Doubled pawns: Satrançta, çift piyonlar aynı hizada bulunan aynı renkteki iki piyondur.

Artık bulunduğu bölgenin dışında, geniş çapta turnuvalara da katılmaya başlayan Beth basının da ilgisini çekiyor ve zaman zaman haberleri yayınlanıyor. Gazetecilerden biri Beth’in madde bağımlılığı ve farklı çalışan beynine ithafen, Apofeni (ilgisiz şeyler arasında anlamlı bağlantılar çıkarmaya çalışma eğilimi) olup olmadığı üzerine çekincelerini dile getiriyor ama dehamız bunu reddediyor. O sadece zihnini satranç tahtası olarak kullanabilen ve sonsuz olasılığı kafasından çalışabilen eşsiz bir beyin ama cinsiyeti, bağımlılıkları ve takıntıları, basında başarılarının her zaman önüne geçiyor.
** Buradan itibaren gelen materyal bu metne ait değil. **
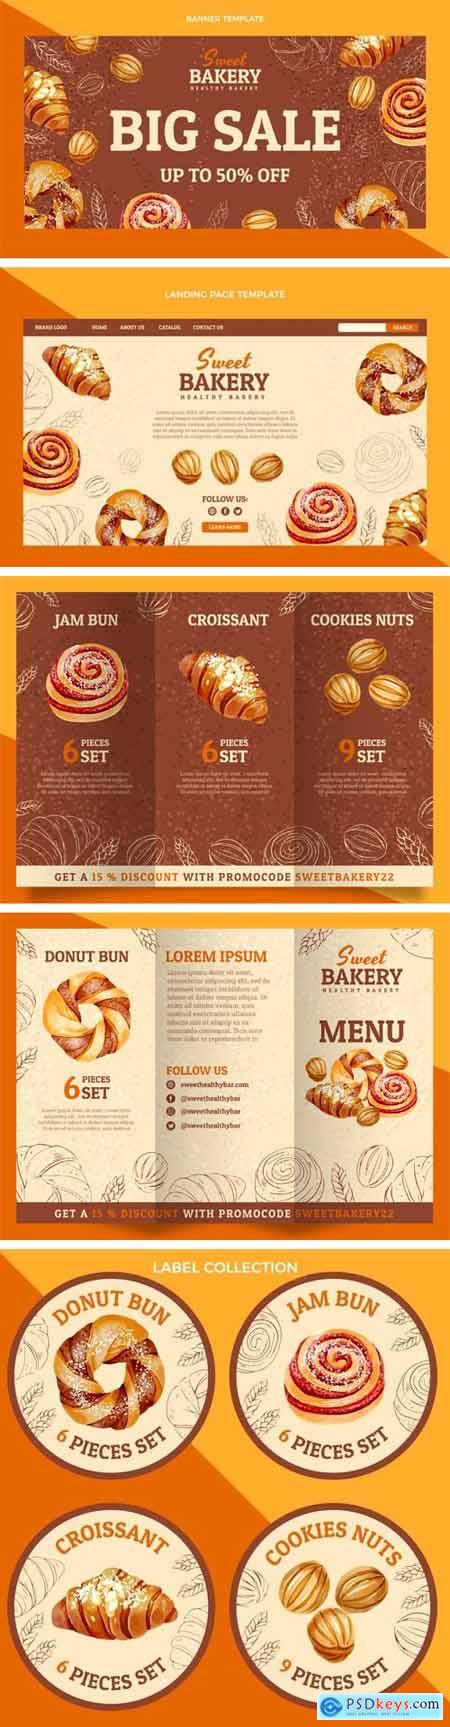 Bakery Sales Vector Design Templates Collection
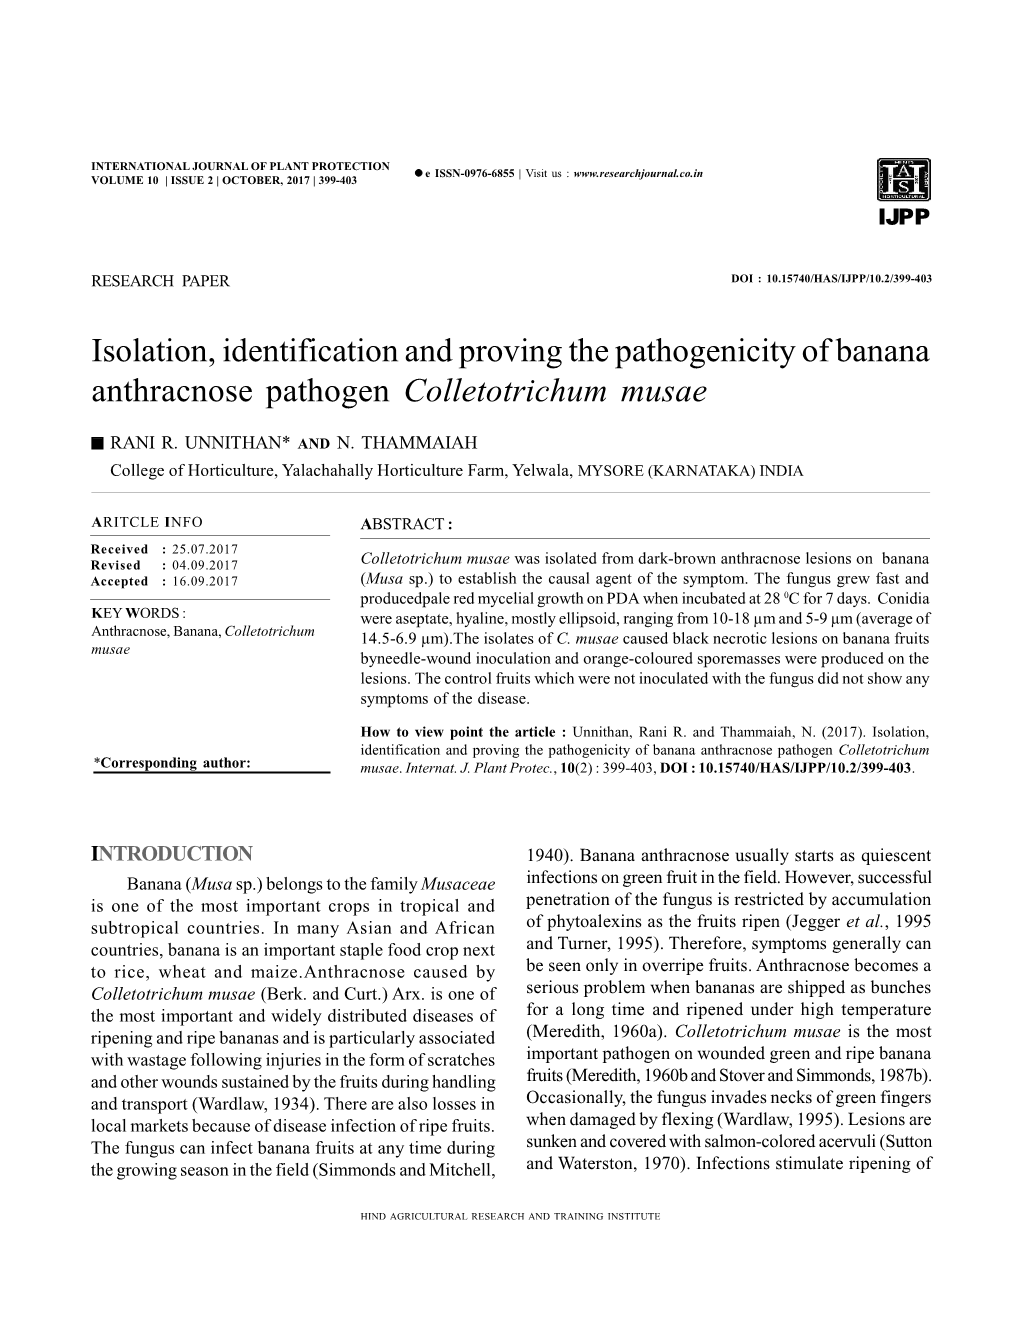 Isolation, Identification and Proving the Pathogenicity of Banana Anthracnose Pathogen Colletotrichum Musae

Bir önceki bölümde ırkçılığa laf dokunduran ve hatırlatan The Queen’s Gambit, bu bölümde de maskülen bir dünyada cinsiyetten bağımsız olarak ün yapmaya çalışmanın zorluklarına odaklanıyor.

4. Bölüm – Middle Game

Middle Game: Satrançtaki orta oyun, oyunun açılış ve bitiş oyunu arasındaki kısmıdır.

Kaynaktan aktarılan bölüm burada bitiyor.